> **Available data**:
==========

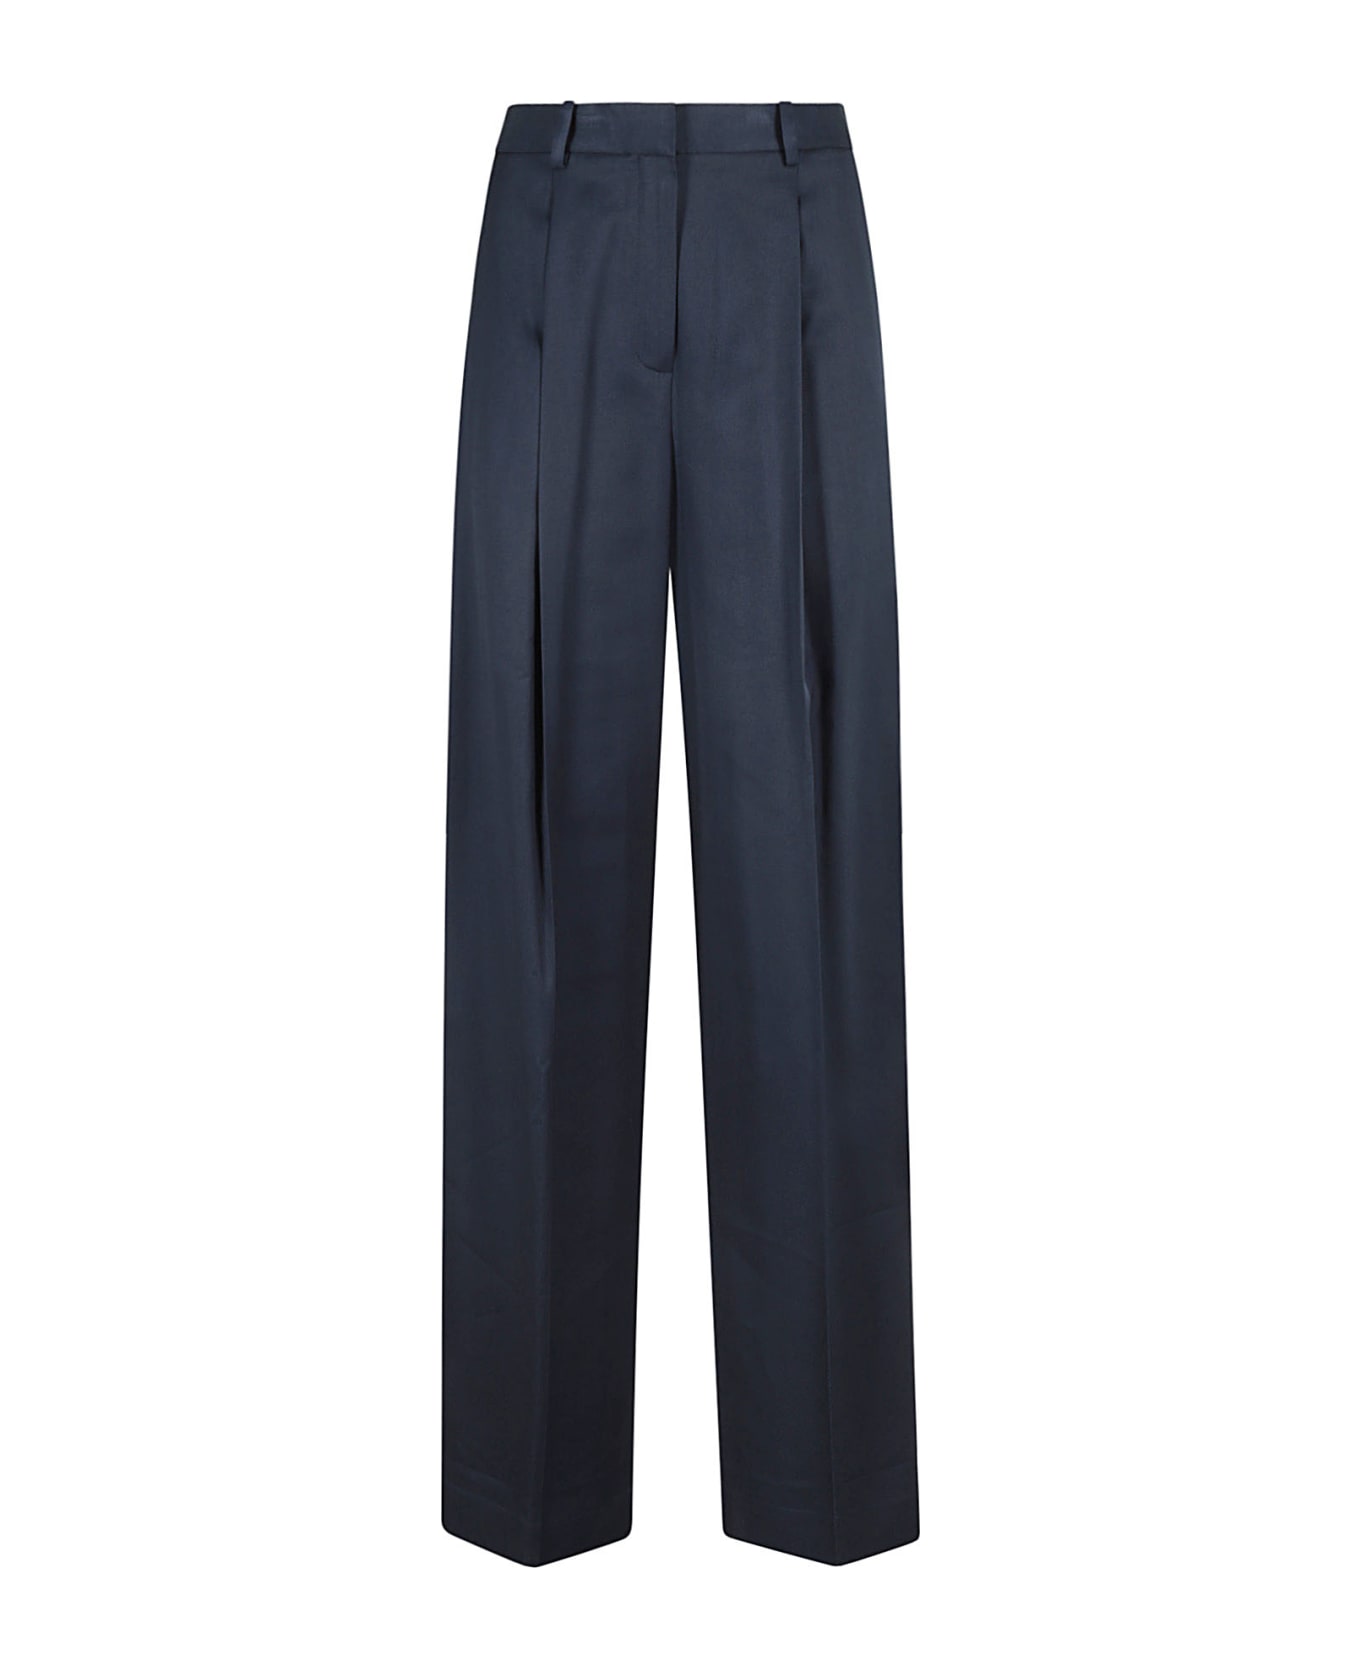 Theory Single Plt Pant - Xlv Nocturne Navy
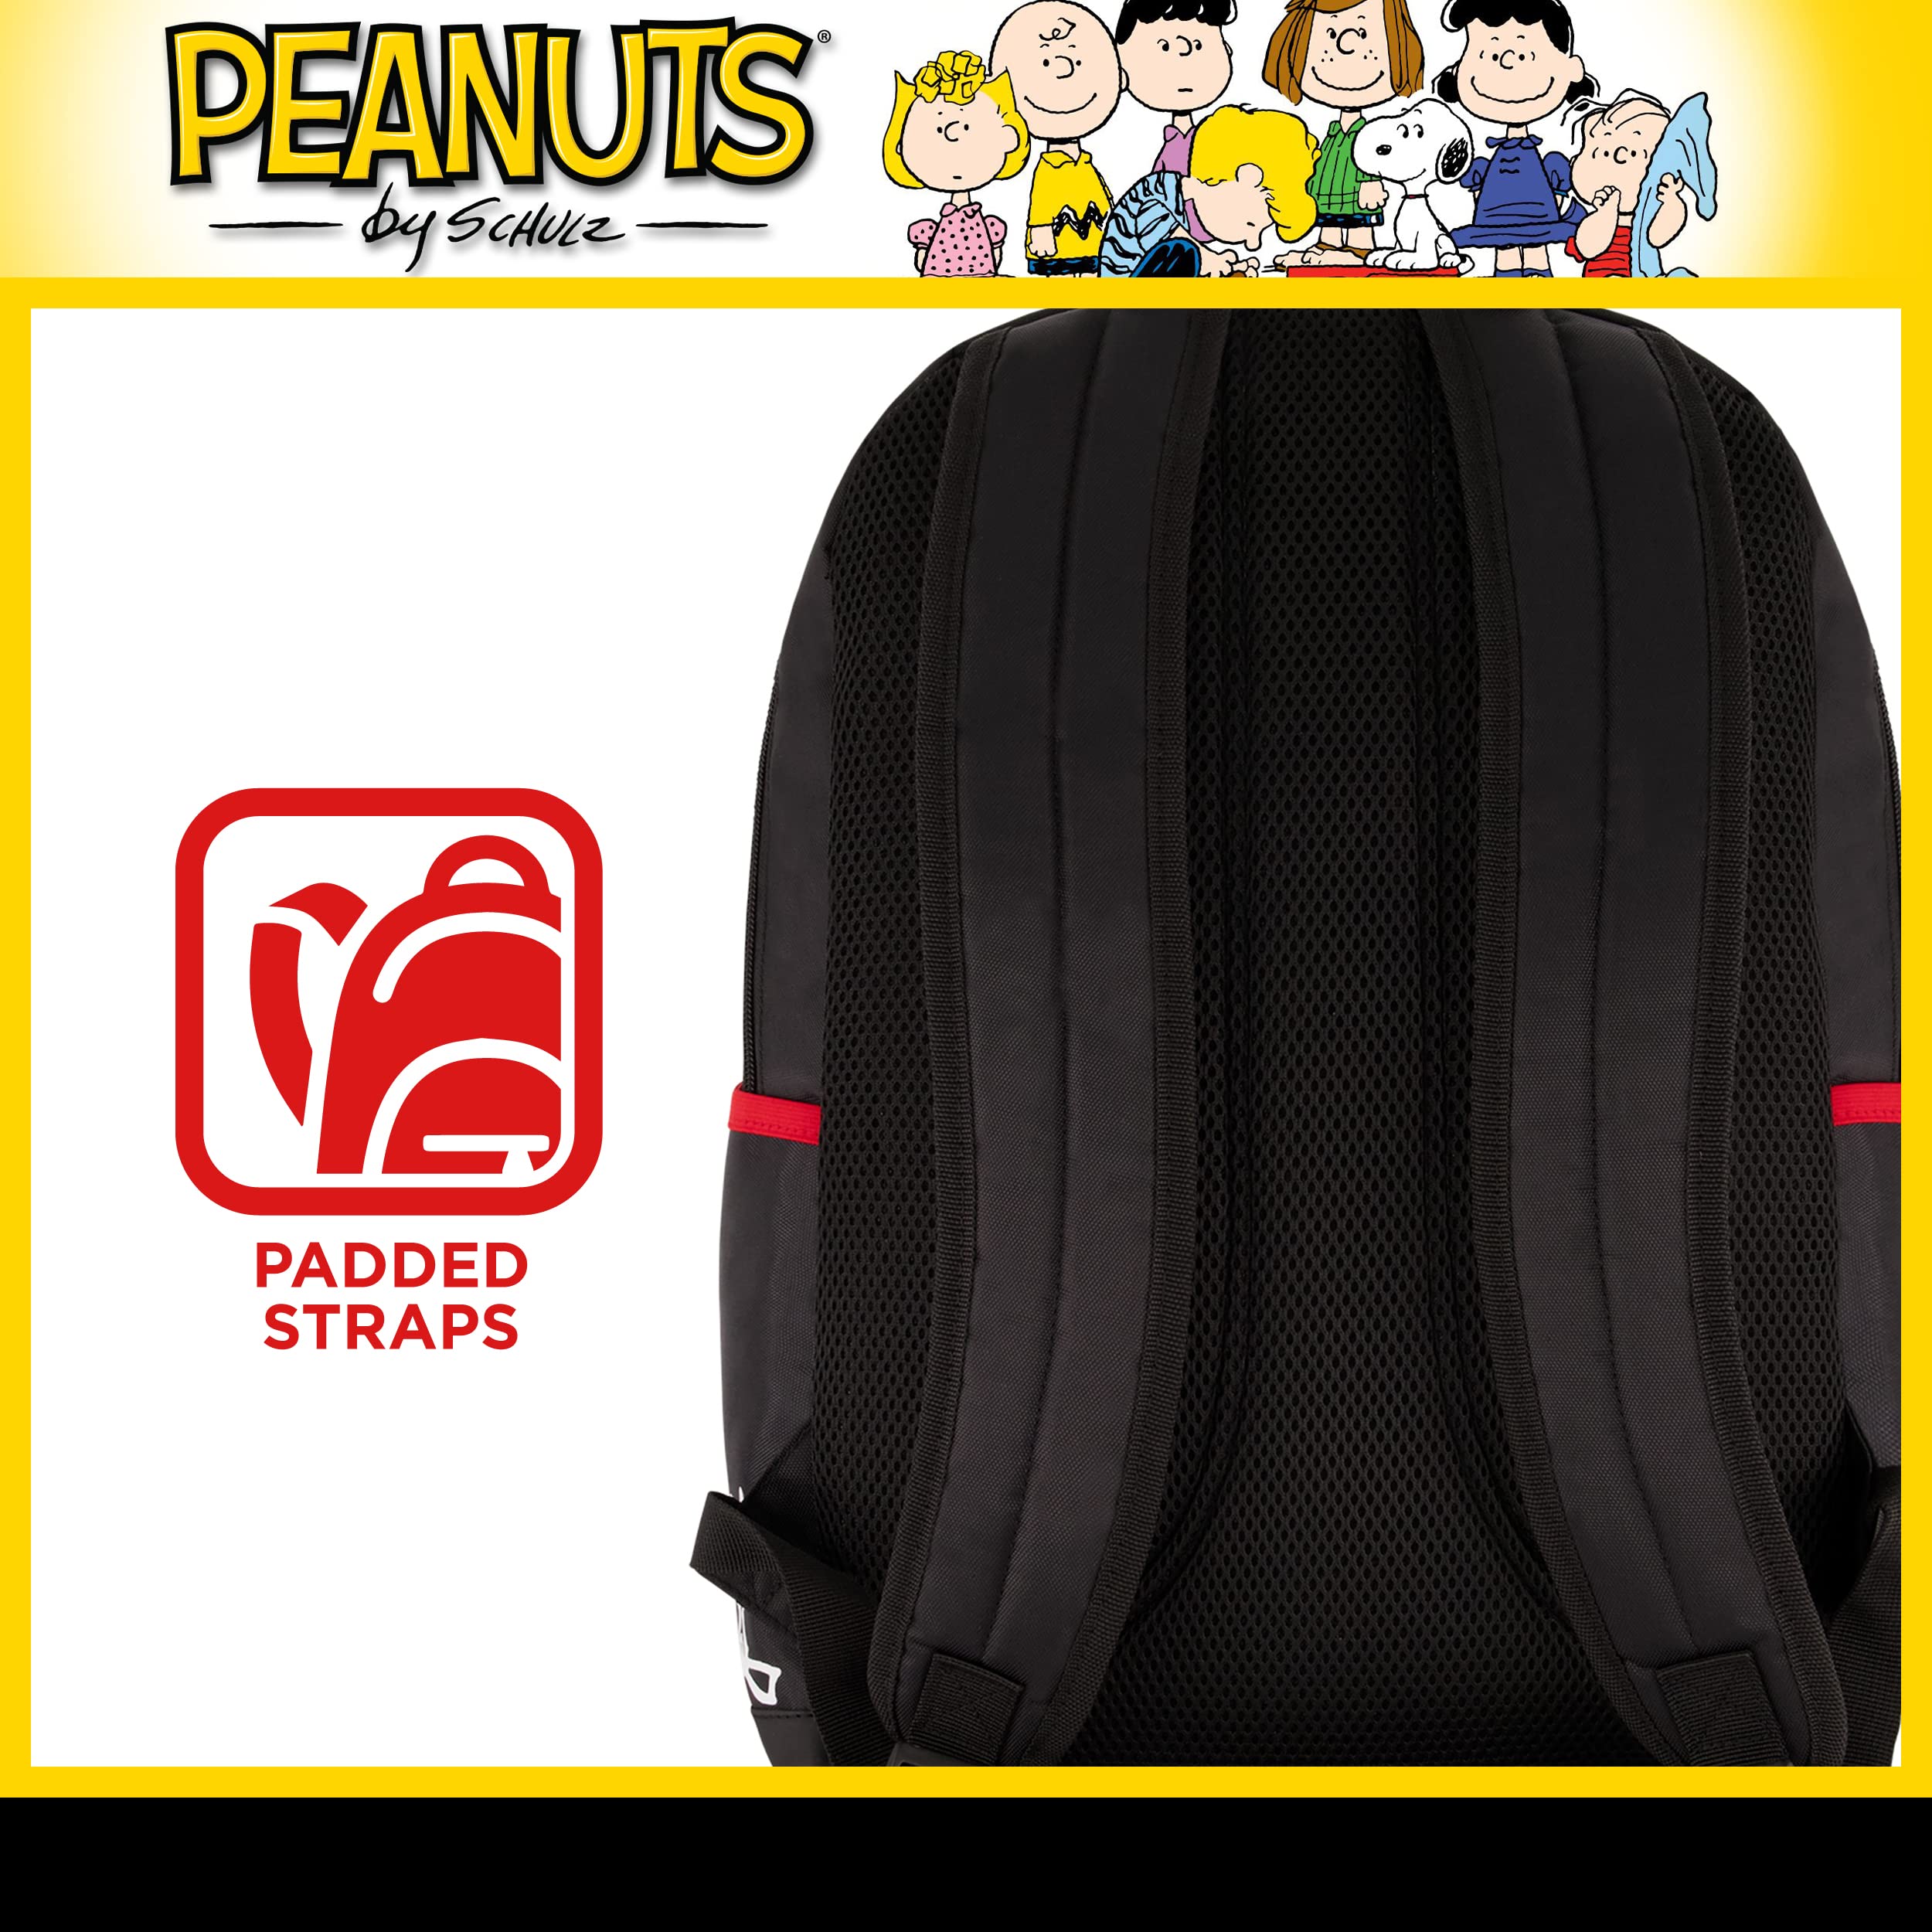 Peanuts 13 Inch Sleeve Backpack, Snoopy, Charlie Brown and Woodstock Padded Computer Bag for Commute or Travel, Multi
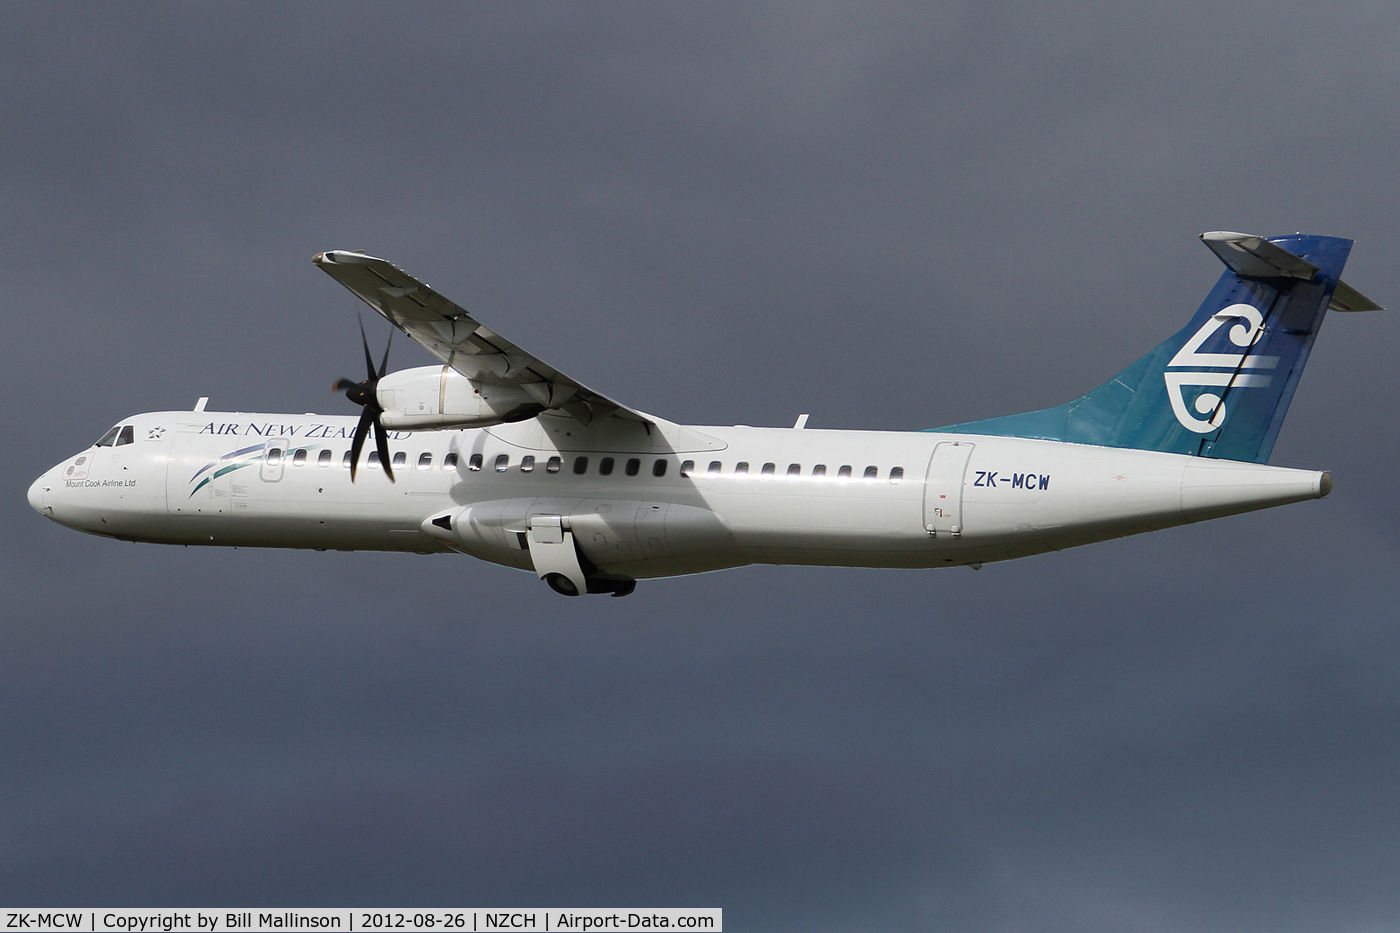 ZK-MCW, 2000 ATR 72-212A C/N 646, away from 02

==========

> **Work instruction**:
Would you please retype all the data exactly? Leave out whatever pictures it holds.

> **Exercise result**:
 Theory Single Plt Pant - Xlv Nocturne Navy
 Peanuts 13 Inch Sleeve Backpack, Snoopy, Charlie Brown and Woodstock Padded Computer Bag for Commute or Travel, Multi
 ZK-MCW, 2000 ATR 72-212A C/N 646, away from 02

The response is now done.